- [WHAT YOU ARE ASKED TO DO]:
Print the listing below exactly, images excluded.

- [GIVEN DATA]:
[Start of Attachment]

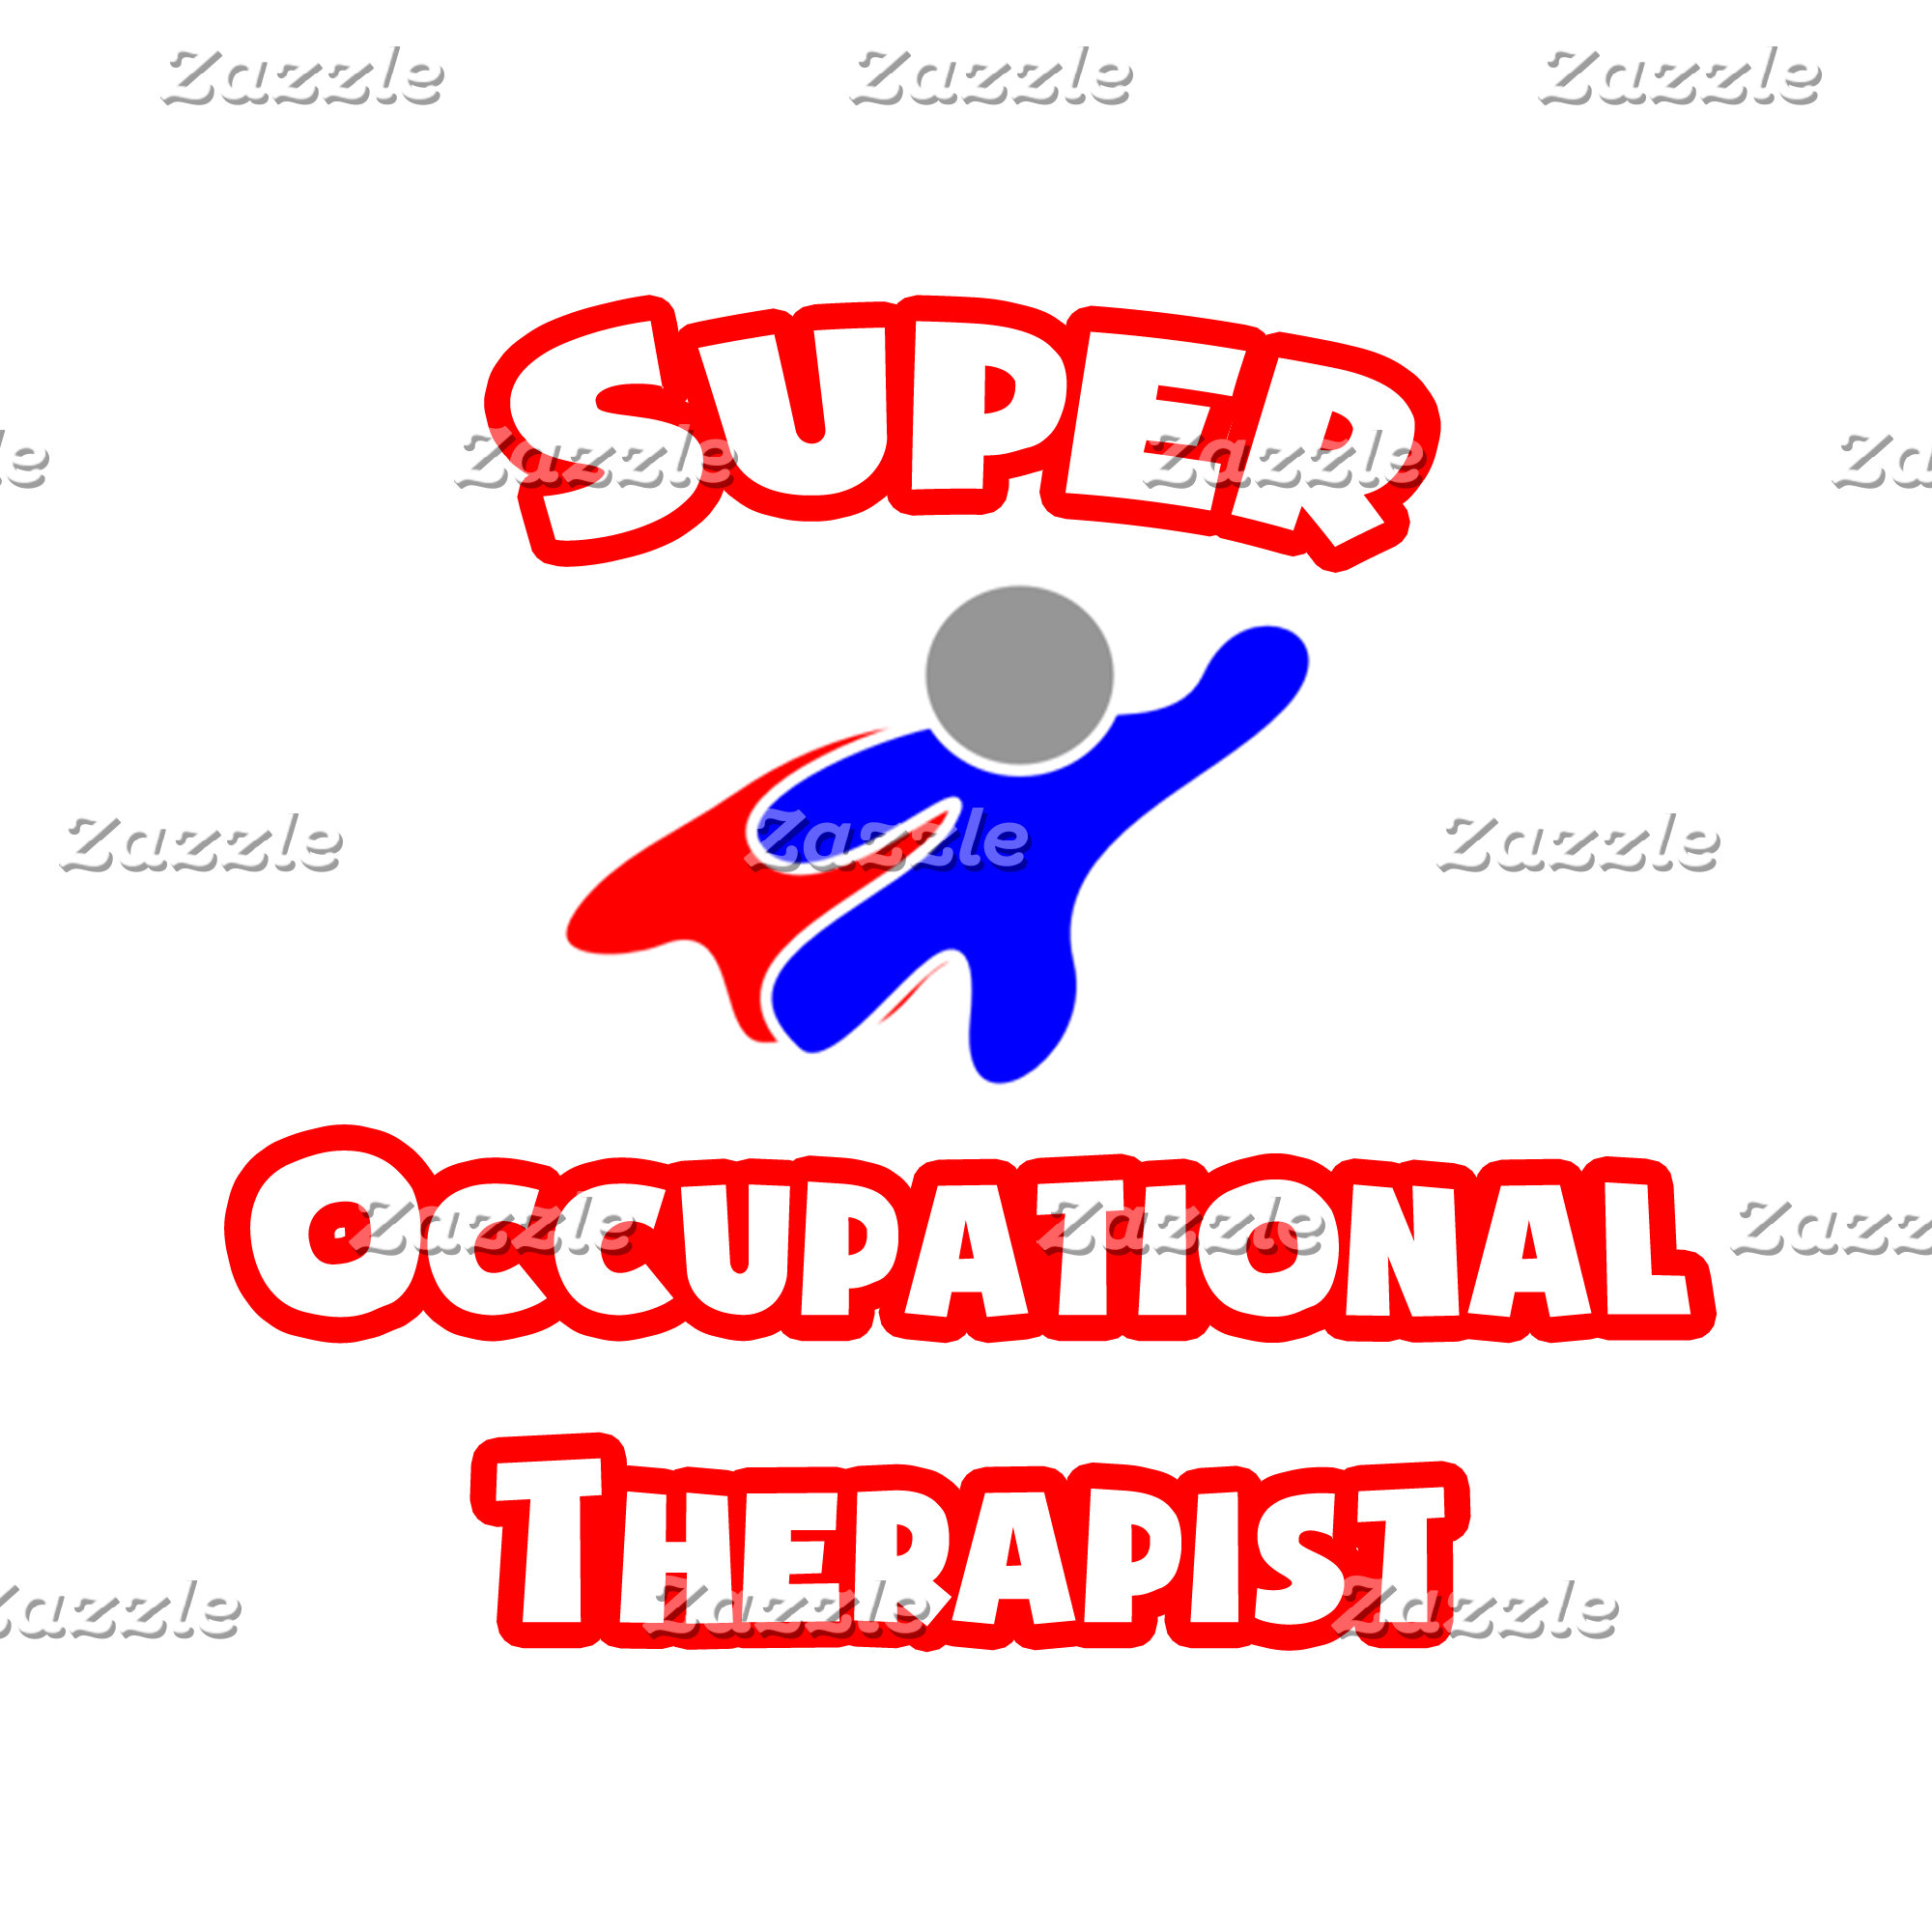 Super Occupational Therapist
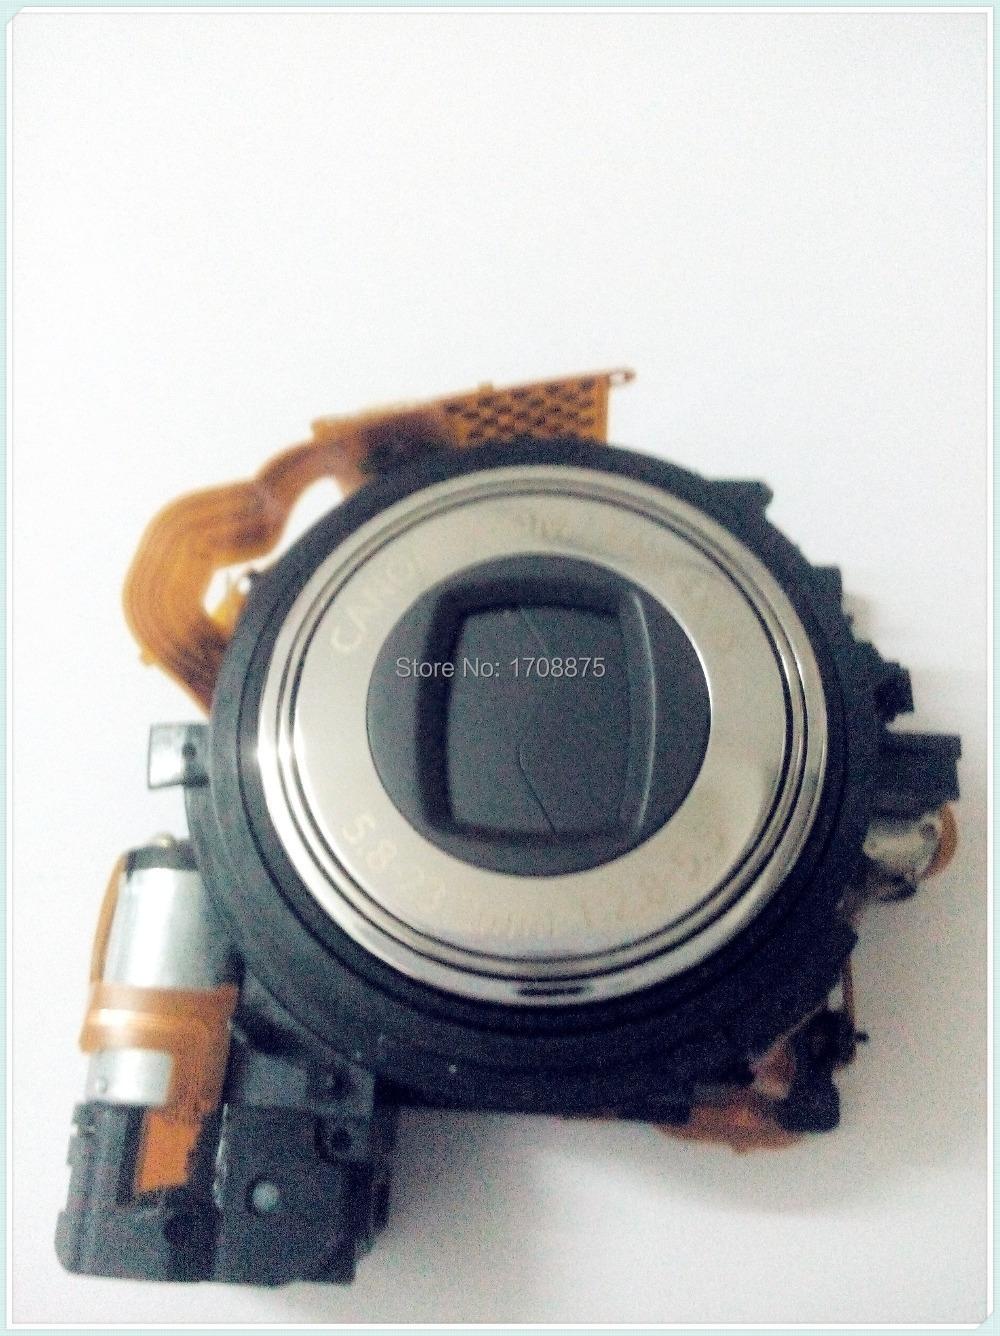 95%NEW Lens Zoom Unit For CANON PowerShot IXUS800 IXUS950 SD700 SD850 Digital Camera Repair Part NO CCD(China (Mainland))
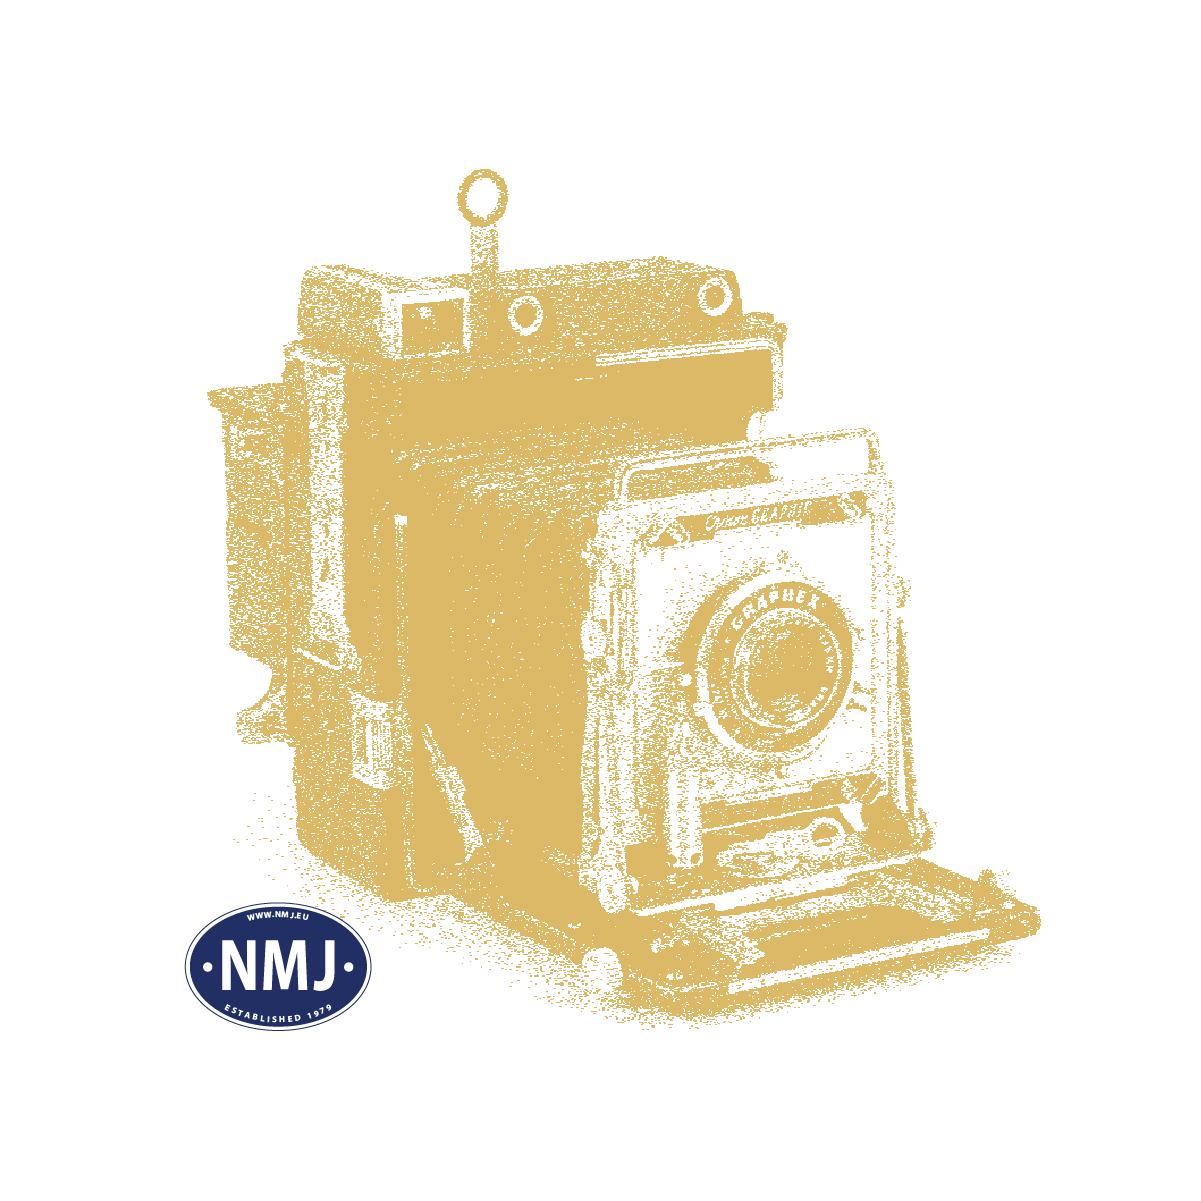 NMJT90205 - NMJ Topline MAV M61.019, DC

[End of Attachment]

- [OUTPUT BELOW]:
 Super Occupational Therapist
 95%NEW Lens Zoom Unit For CANON PowerShot IXUS800 IXUS950 SD700 SD850 Digital Camera Repair Part NO CCD(China (Mainland))
 NMJT90205 - NMJ Topline MAV M61.019, DC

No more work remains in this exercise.